--- Given data ---
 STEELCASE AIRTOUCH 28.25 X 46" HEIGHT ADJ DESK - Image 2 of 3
---
--- Given data ---
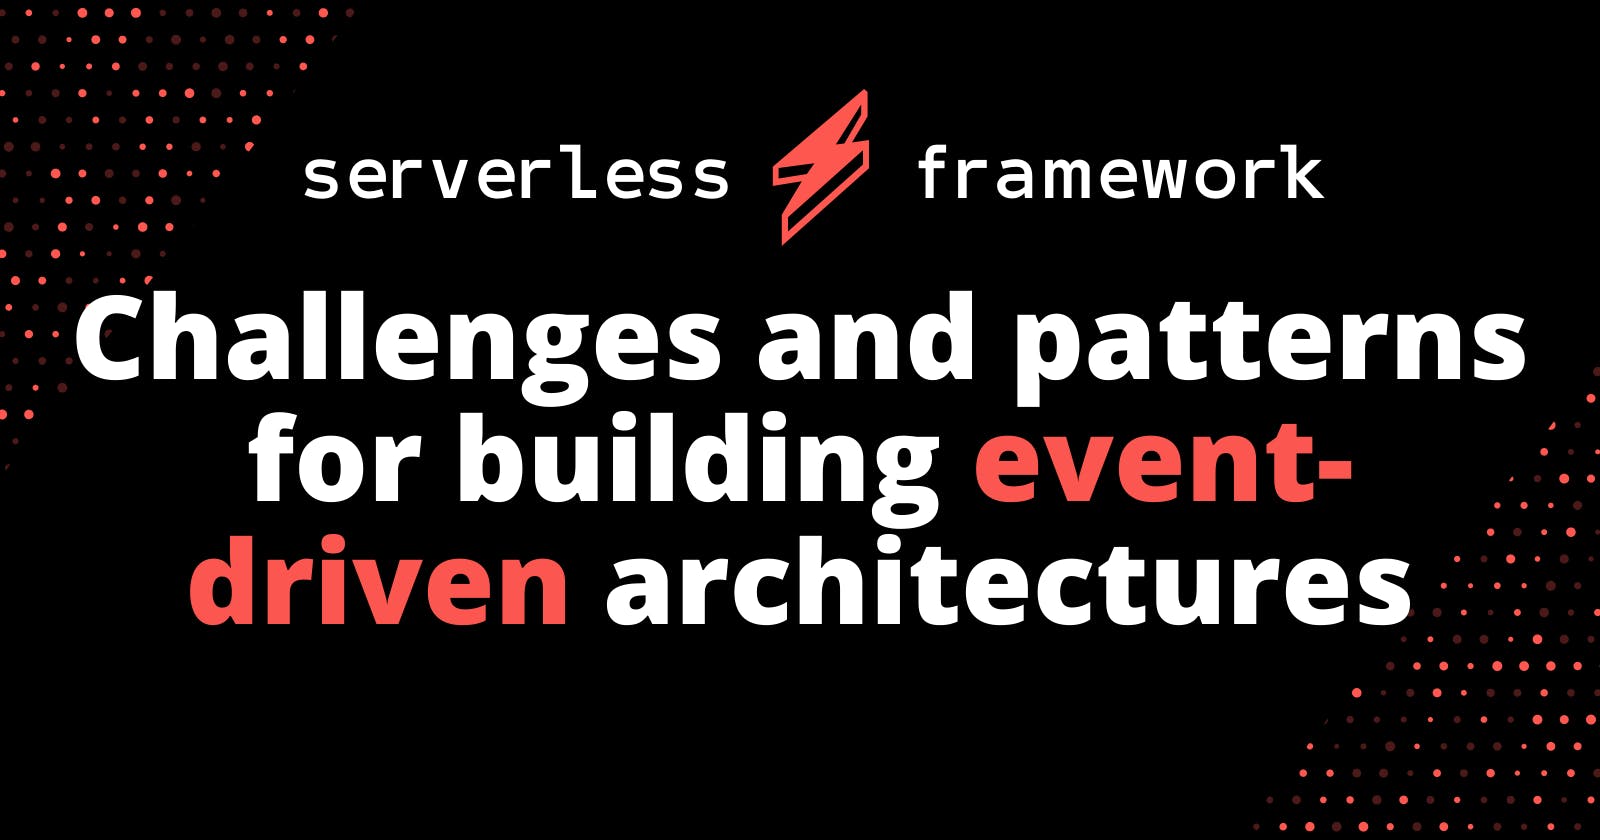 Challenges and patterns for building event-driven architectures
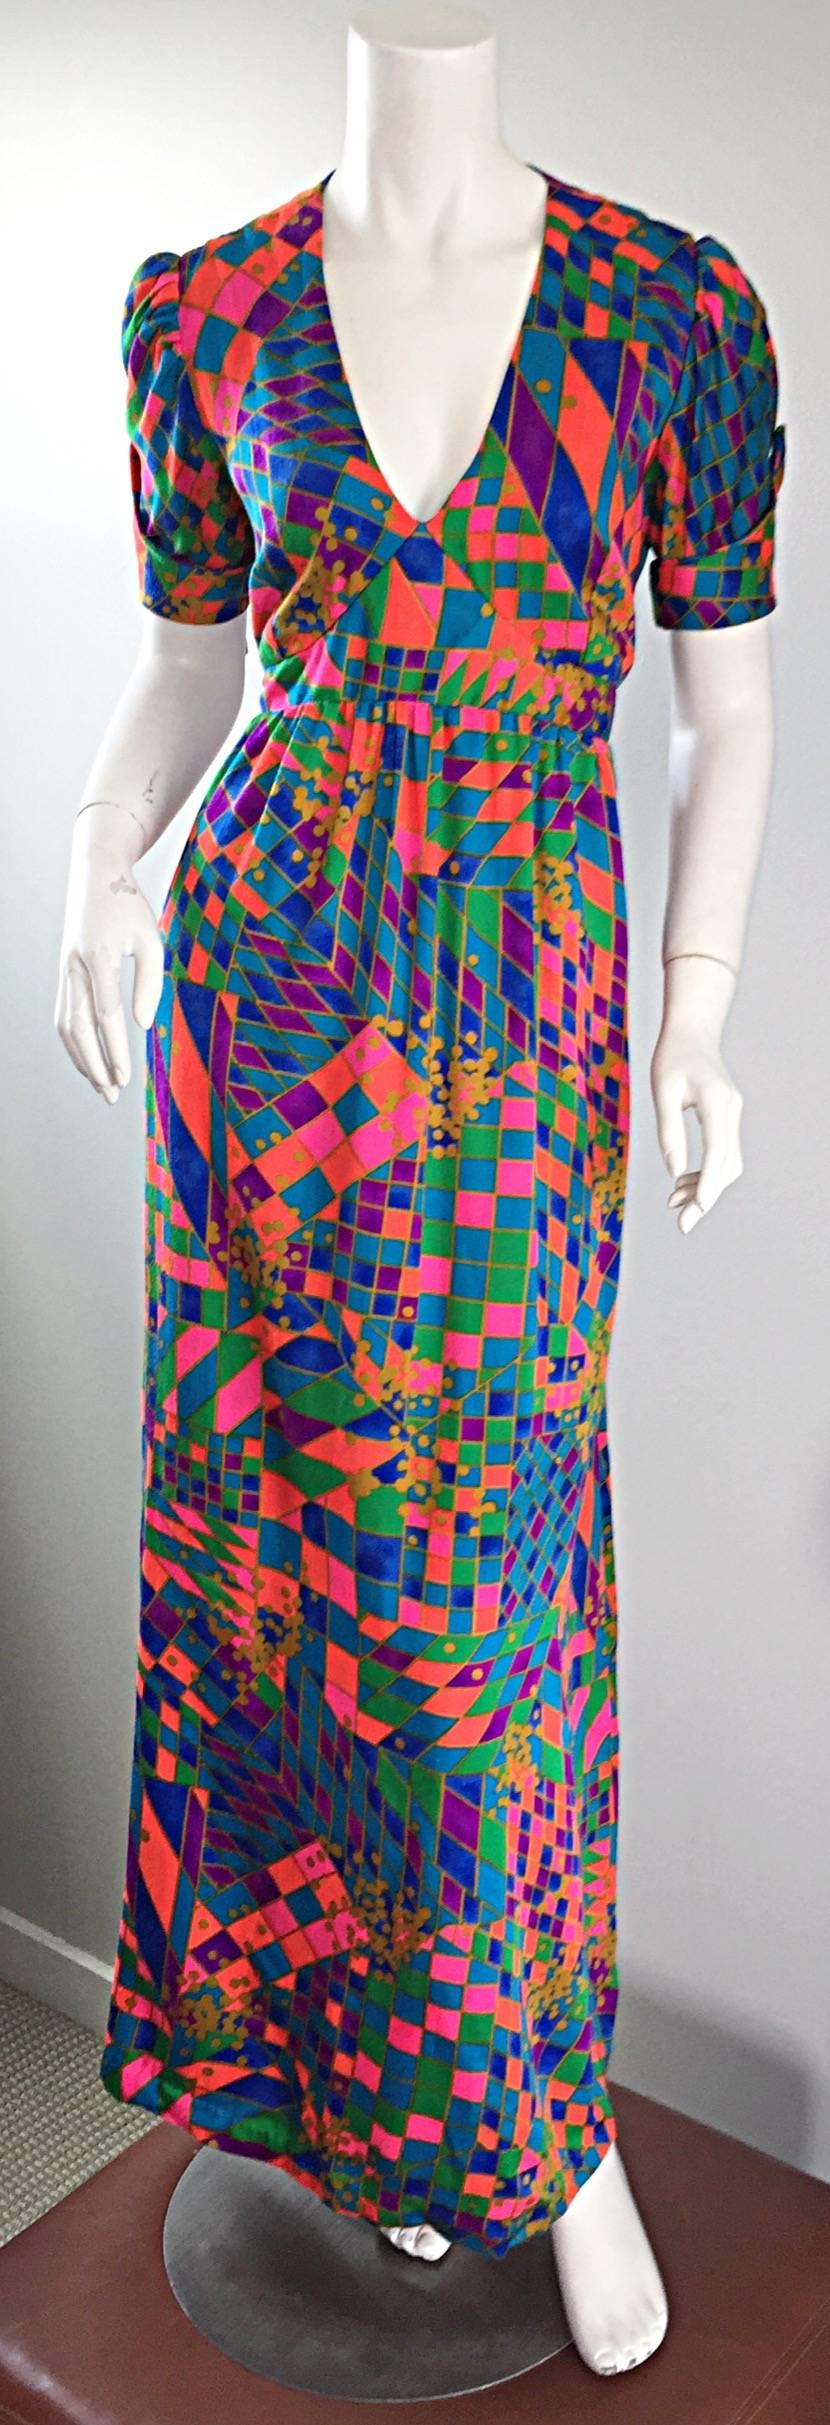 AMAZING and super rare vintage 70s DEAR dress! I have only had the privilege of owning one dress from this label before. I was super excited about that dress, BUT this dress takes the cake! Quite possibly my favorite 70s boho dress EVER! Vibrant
---
Work to be completed » Range to copy from the listing above: the line with "Challenges and patterns" through the line with "AMAZING and super". Transcribe it exactly and skip the pictures.

Output below »
 Challenges and patterns for building event-driven architectures
 AMAZING and super rare vintage 70s DEAR dress! I have only had the privilege of owning one dress from this label before. I was super excited about that dress, BUT this dress takes the cake! Quite possibly my favorite 70s boho dress EVER! Vibrant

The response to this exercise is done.